Tools like imshow() and imwrite() expect image data to be scaled according to class-dependent limits. For floating-point image data, black is 0, white is 1. For integer images, black and white correspond to the minimum and maximum values that the integer class can represent.
You're taking five floating point images and adding them together. The result spans (approximately) [0 5]. What will imshow() do with this if it thinks 1 is white? The answer is that most of the data is treated as white.
Will normalizing the data to the extrema give a viewable image? Yes. Is that the appropriate result? Maybe.
If it were me, I'd just divide the image sum by 5. That way the relative range of the image doesn't get stretched.
Consider the example using a source image that has less range:
thresh = multithresh(I,7);
valuesMax = [thresh max(I(:))];
[quant8_I_max,~] = imquantize(I,thresh,valuesMax);
Shot_noise = imnoise(I, "salt & pepper", 0.20);
BG = poissrnd(mean, size_I);
noisyimg_sum = I+quant8_I_max+SI+Shot_noise+BGR;
noisyimg_avg = noisyimg_sum/5;
title("noisy image sum with ");
title("noisy image average");
Using the displayrange parameter with imshow distorts the image range and shows it having more contrast than it actually has.
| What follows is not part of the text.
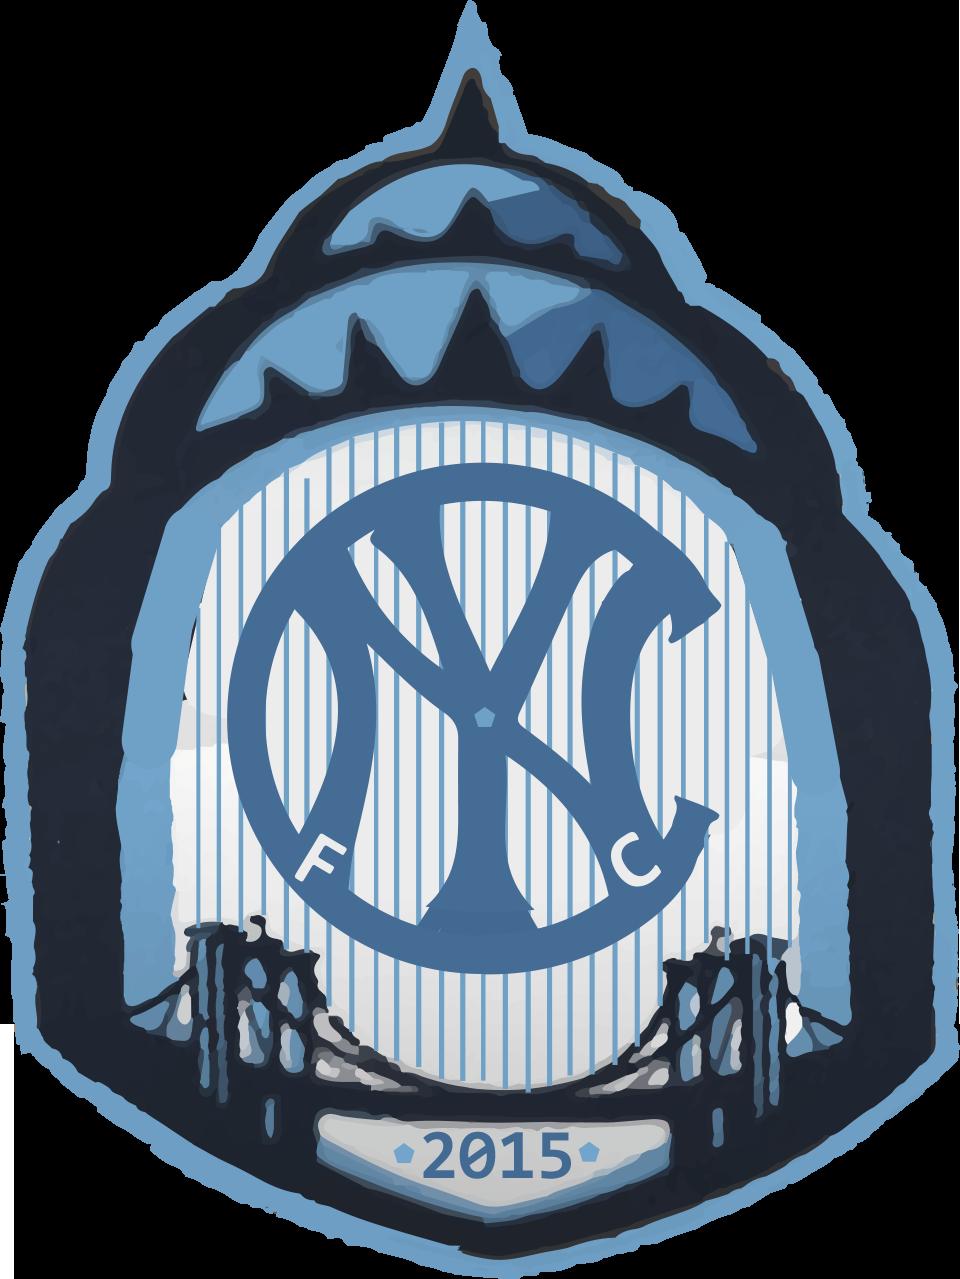 nyc fc crest design idea
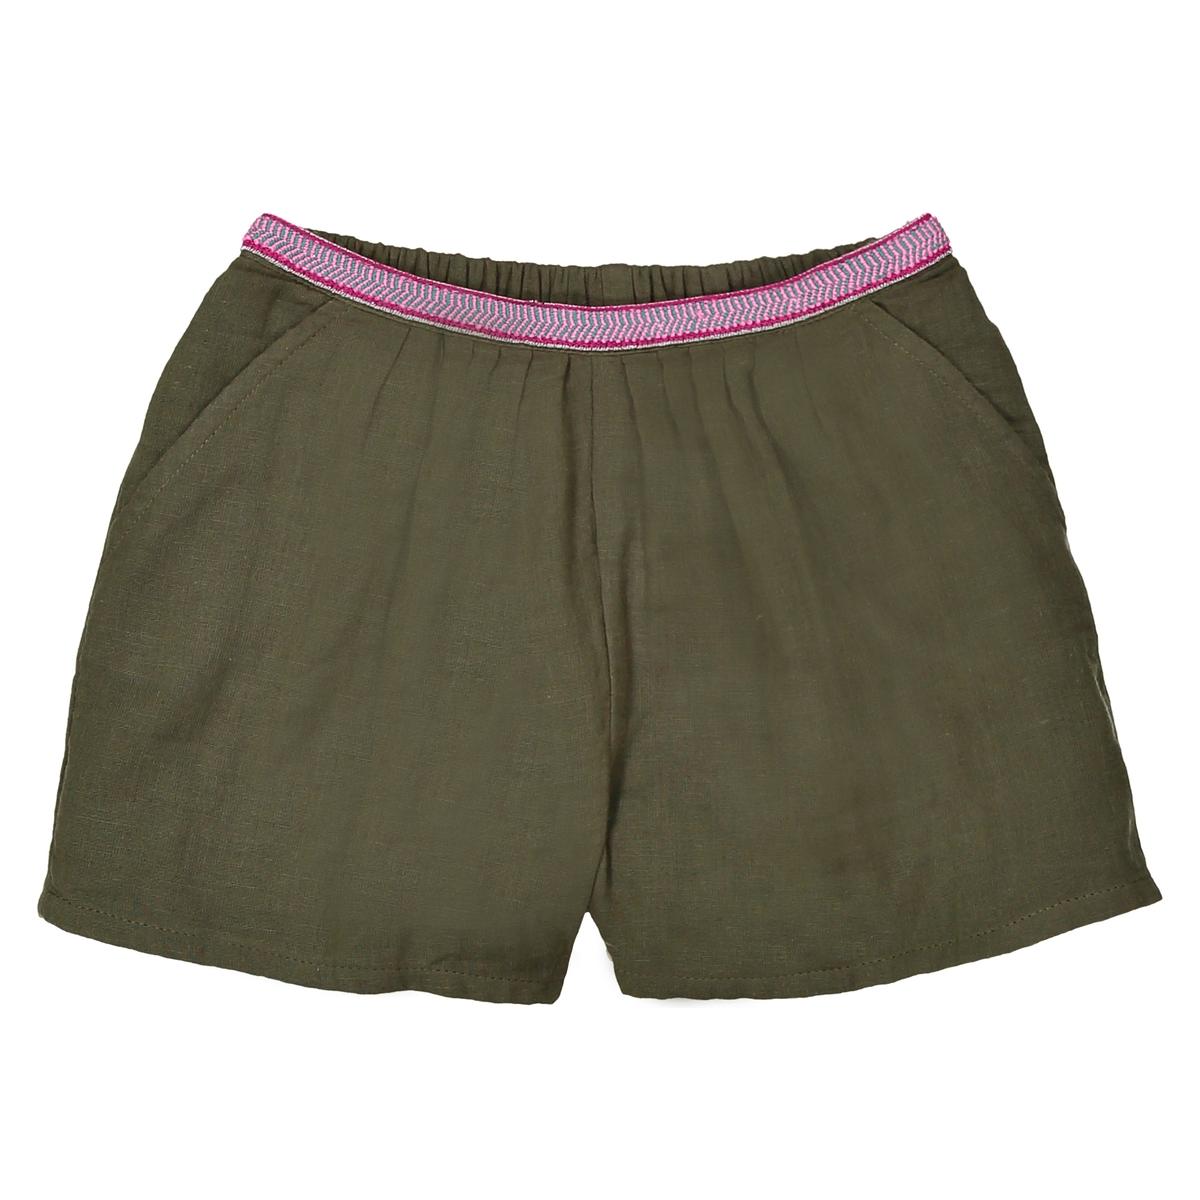 Shorts cintura fantasia in garza di cotone da 3 a 12 anni

The question should be whether the average of these images with noise applied is meaningful. I would imagine that what's intended is not the sum or average, but the composition of noise functions. In other words, each call to imnoise() should operate on the result from the prior call to imnoise(). That way the noise contribution doesn't get multiplied by 1/5. In that case, the final result will be within the proper range for the class and this whole rescaling question will be moot.